▶ [Requirement]: Please repeat the data below exactly, with the pictures removed.

START Recorded data

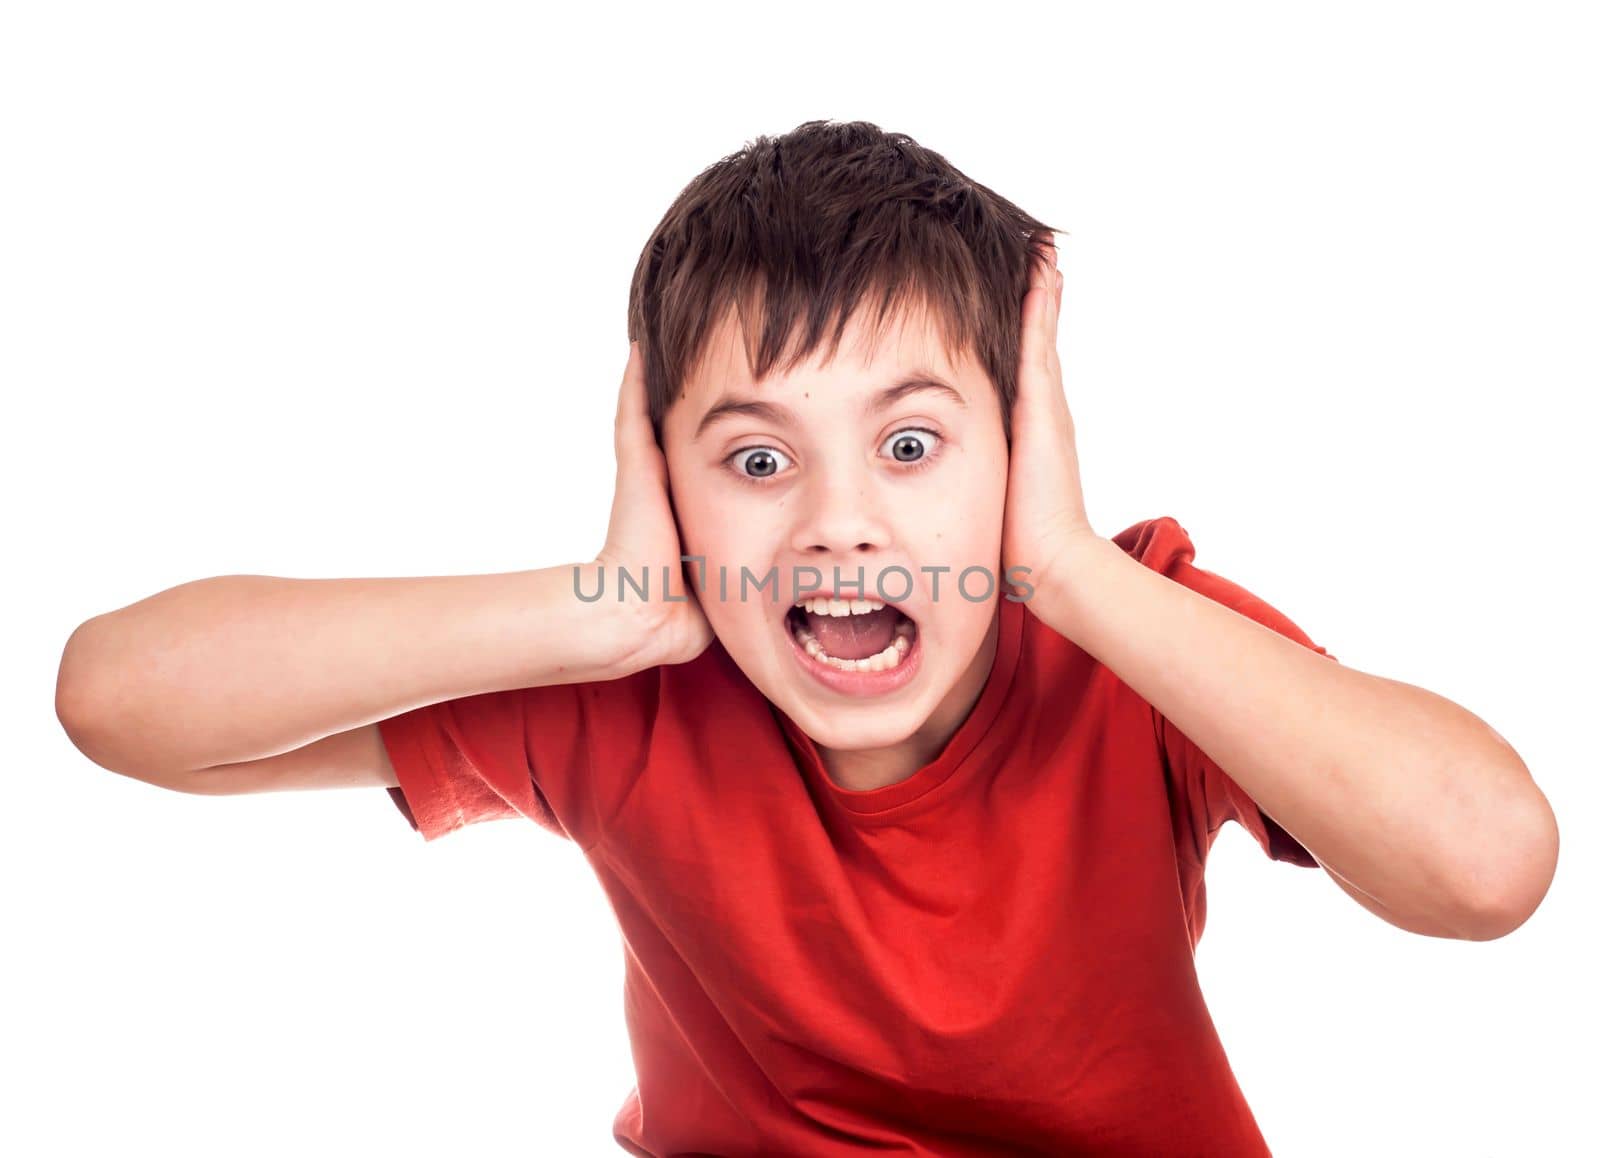 boy indignant, shouts, surprised separately on white background by aprilphoto
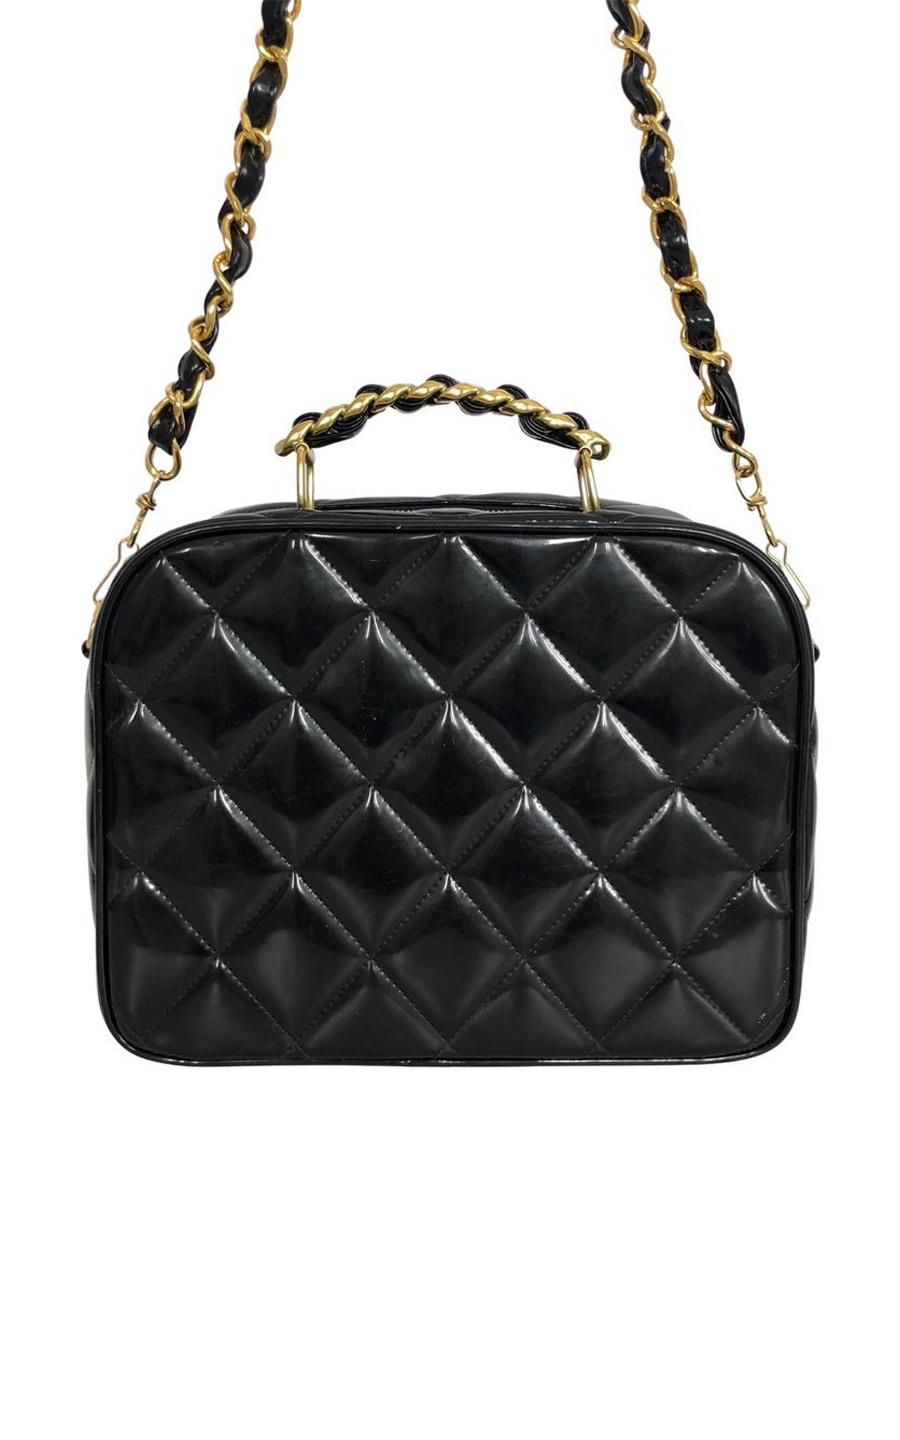 Chanel Limited Edition Crossbody bag in black Enamel (patent) leather. The bag has gold colored hardware. The bag opens with a zipper. The black inside features one main compartment. There is one zipper pocket and one slip-in pocket inside. The bag
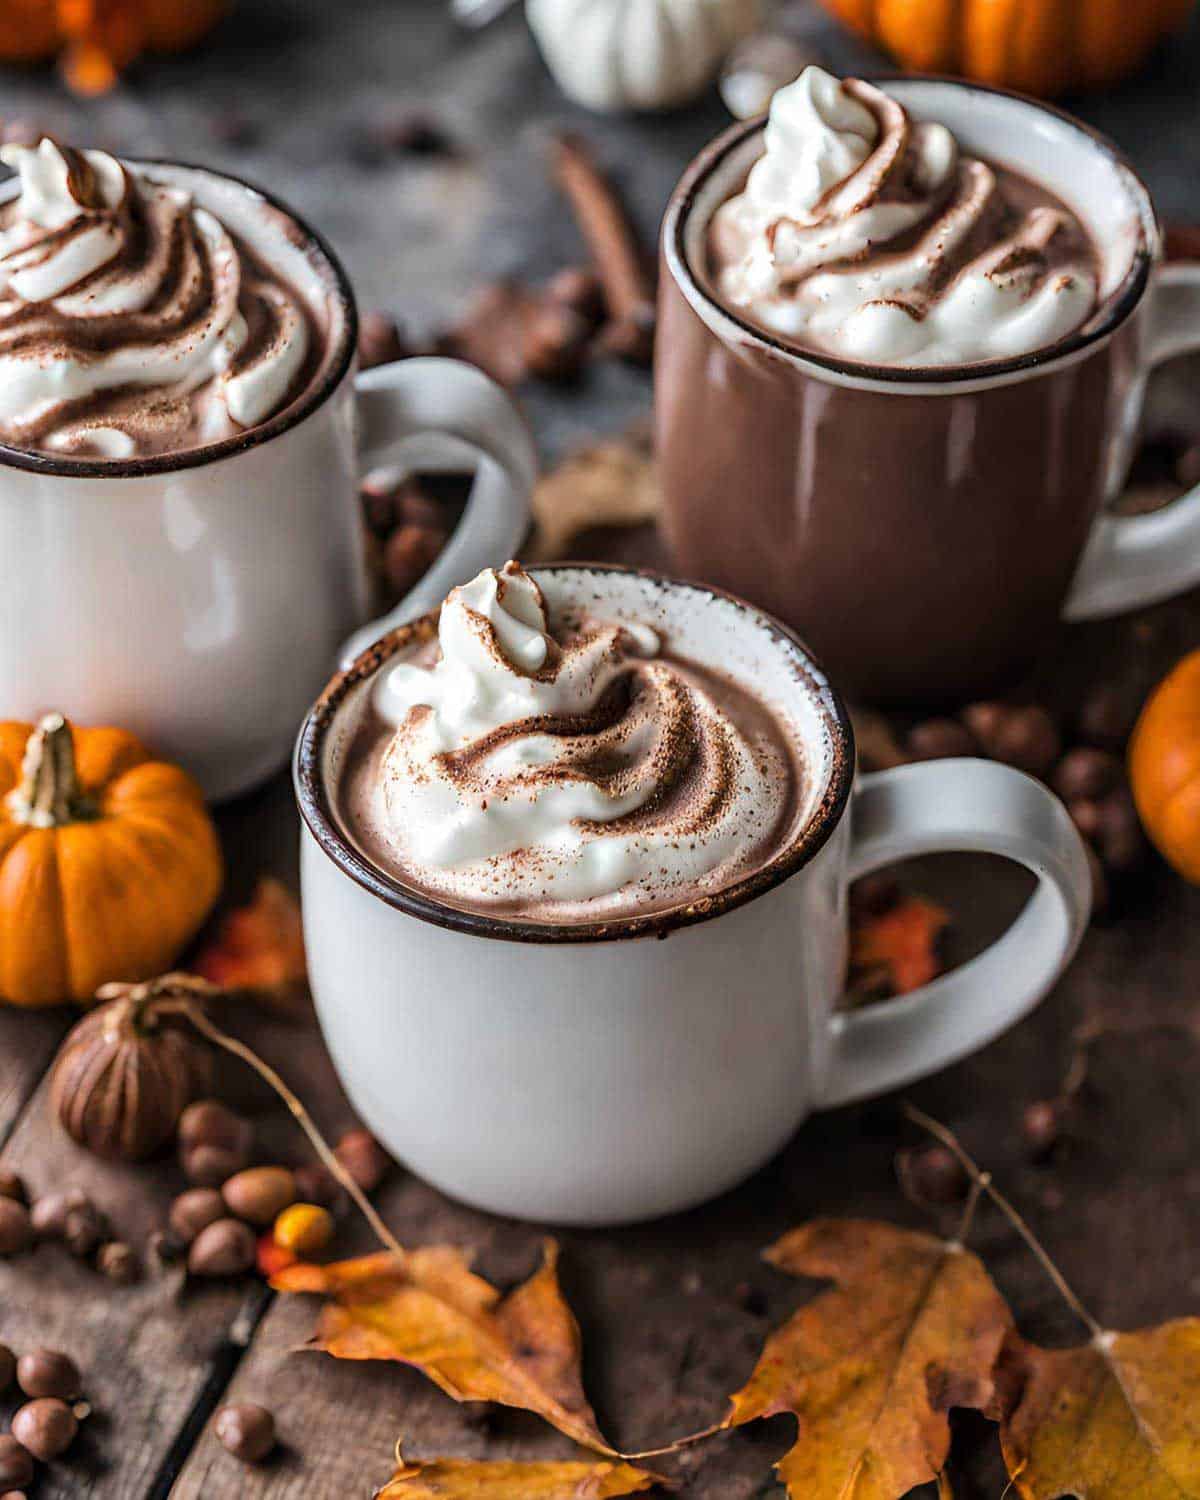 Three mugs of hot chocolate with whipped cream and pumpkins.

END Recorded data

▶ [Answer area]:
 boy indignant, shouts, surprised separately on white background by aprilphoto
 Chanel Limited Edition Crossbody bag in black Enamel (patent) leather. The bag has gold colored hardware. The bag opens with a zipper. The black inside features one main compartment. There is one zipper pocket and one slip-in pocket inside. The bag
 Three mugs of hot chocolate with whipped cream and pumpkins.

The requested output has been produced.